BAIBA DEKENA ist ursprünglich aus Lettland, lebt aber mittlerweile schon seit 7 Jahren in Innsbruck – der Tiroler Dialekt ist unüberhörbar. Im Mai 2021 veröffentlichte BAIBA ihr zweites Album mit dem Titel „Lighter“ (Super Plus Records). Die Musikerin vereint tiefgehende Texte mit tanzbaren Beats und schafft so ein spannendes Gesamtkonzept. Itta Francesca Ivellio-Vellin hat mit BAIBA gesprochen.

Dein Album heißt ja „Lighter“, wie einer der Songs darauf. Von keinem anderen Song von dir gibt es so viele Version, wie von „Lighter“. Auf dem Album gibt es alleine zwei, bei deinem Auftritt bei Sofar Vienna hast du eine ganz reduzierte Version am Klavier gespielt. Warum hat dieser Song so eine Bedeutung für dich?

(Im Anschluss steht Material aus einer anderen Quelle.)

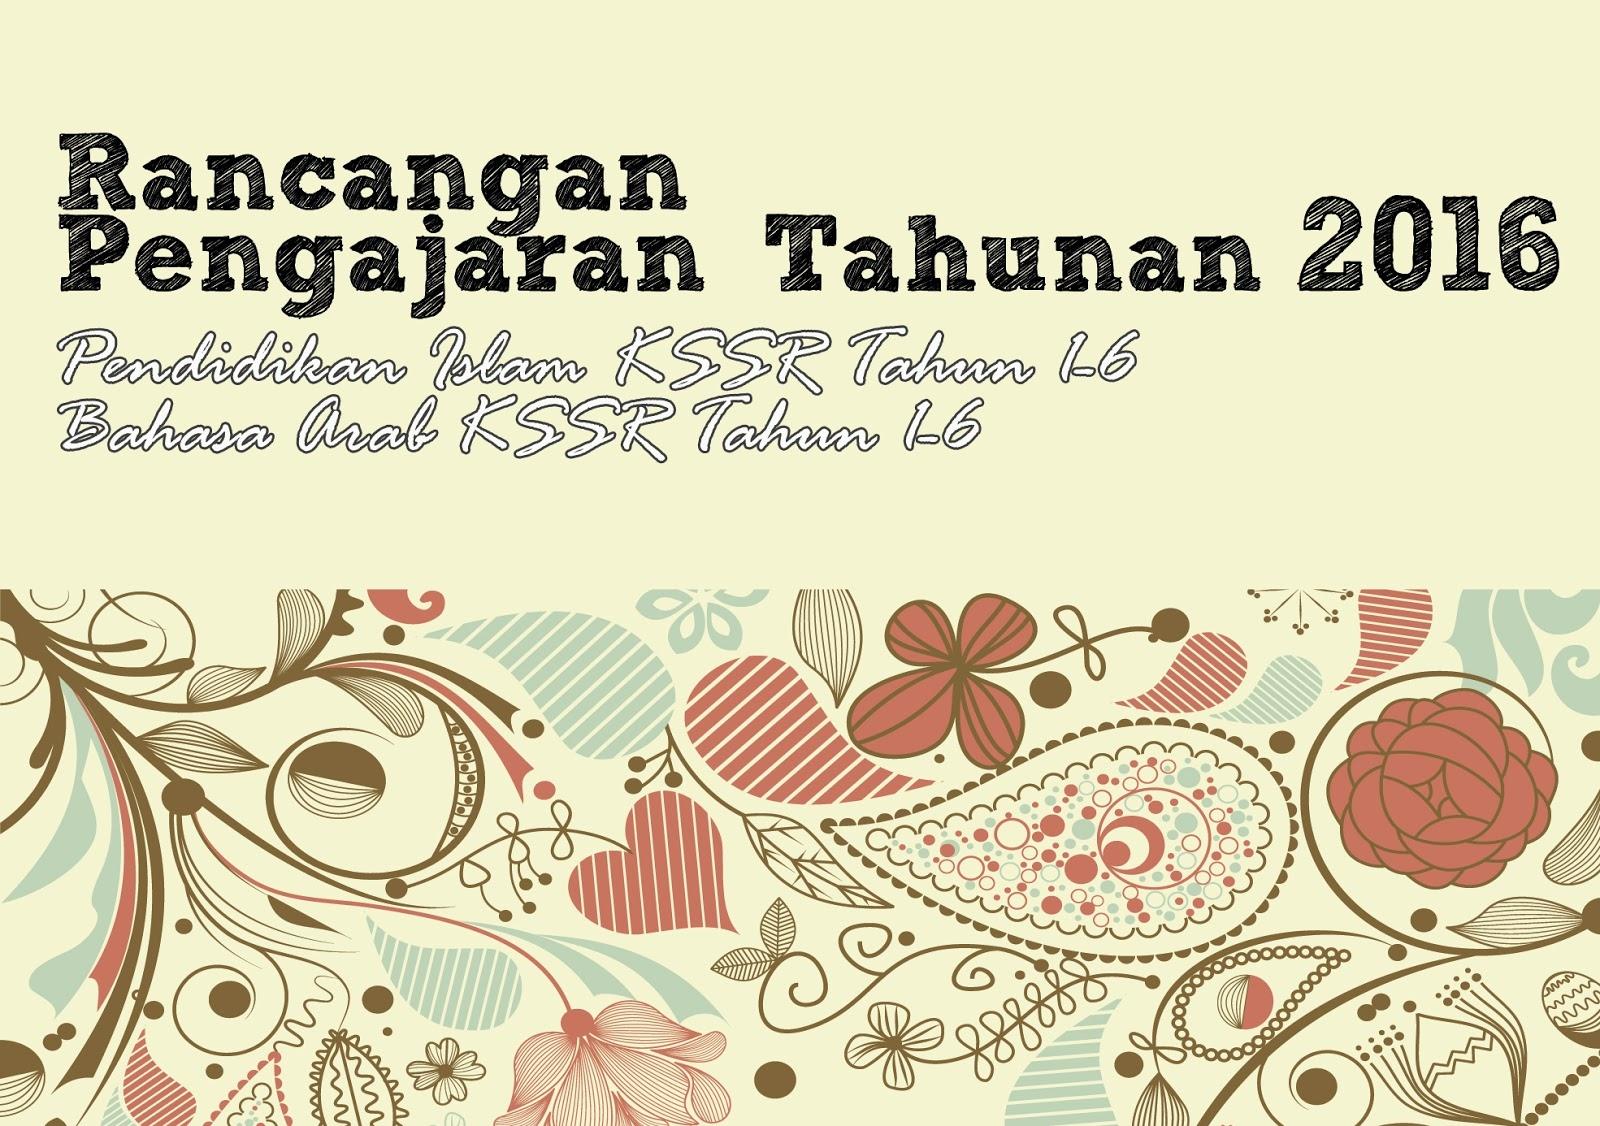 Download Rpt Pendidikan islam Tahun 5 Menarik J Qaf Sk Sulaiman Rancangan Pengajaran Tahunan Pendidikan islam Of Himpunan Rpt Pendidikan islam Tahun 5 Yang Bernilai Khas Untuk Ibubapa Lihat!

Baiba: Es sind damals viele Sachen gleichzeitig passiert, und das hat irgendwie meine Musik, mich als Künstlerin und auch mich als Person verändert. Vom Text her thematisiert „Lighter“ so eine Art Durchbrechen. Ich bin in Lettland aufgewachsen, in einer ganz konservativen Umgebung, in einem ganz kleinen Dorf. Lange Zeit hatte ich das Gefühl, dass ich gar keine Möglichkeiten im Leben habe. Niemals dachte ich, dass ich in Österreich leben, oder reisen, oder mit Musik Geld verdienen könnte. In Lettland kann eine Frau Sängerin sein, oder ein Teil einer Band, aber ich glaube nicht, dass ich dort alleine empowered sein und mein eigenes Ding machen könnte. Vor drei oder vier Jahren hat sich aber in mir etwas verändert. Ich war immer eher schüchtern und hatte das Gefühl, ich wäre nicht gut genug und, dass ich nicht selber produzieren und alleine auftreten kann, aber dann habe ich mich entschieden, dass ich darum kämpfen will und es probieren möchte. Ich wollte selber Musik produzieren, selber Lyrics schreiben und Melodien komponieren. Mittlerweile schneide ich teilweise auch selber Musikvideos. Ich habe einfach ein ganz neues Selbstbewusstsein. Und der Song „Lighter“ thematisiert das auch. Zum Beispiel die Stelle „I remember times they told me I should find someone to show me”. Und das hat mit dem Gesamtkonzept des Albums auch gut zusammengepasst, auch mit dem Coverbild.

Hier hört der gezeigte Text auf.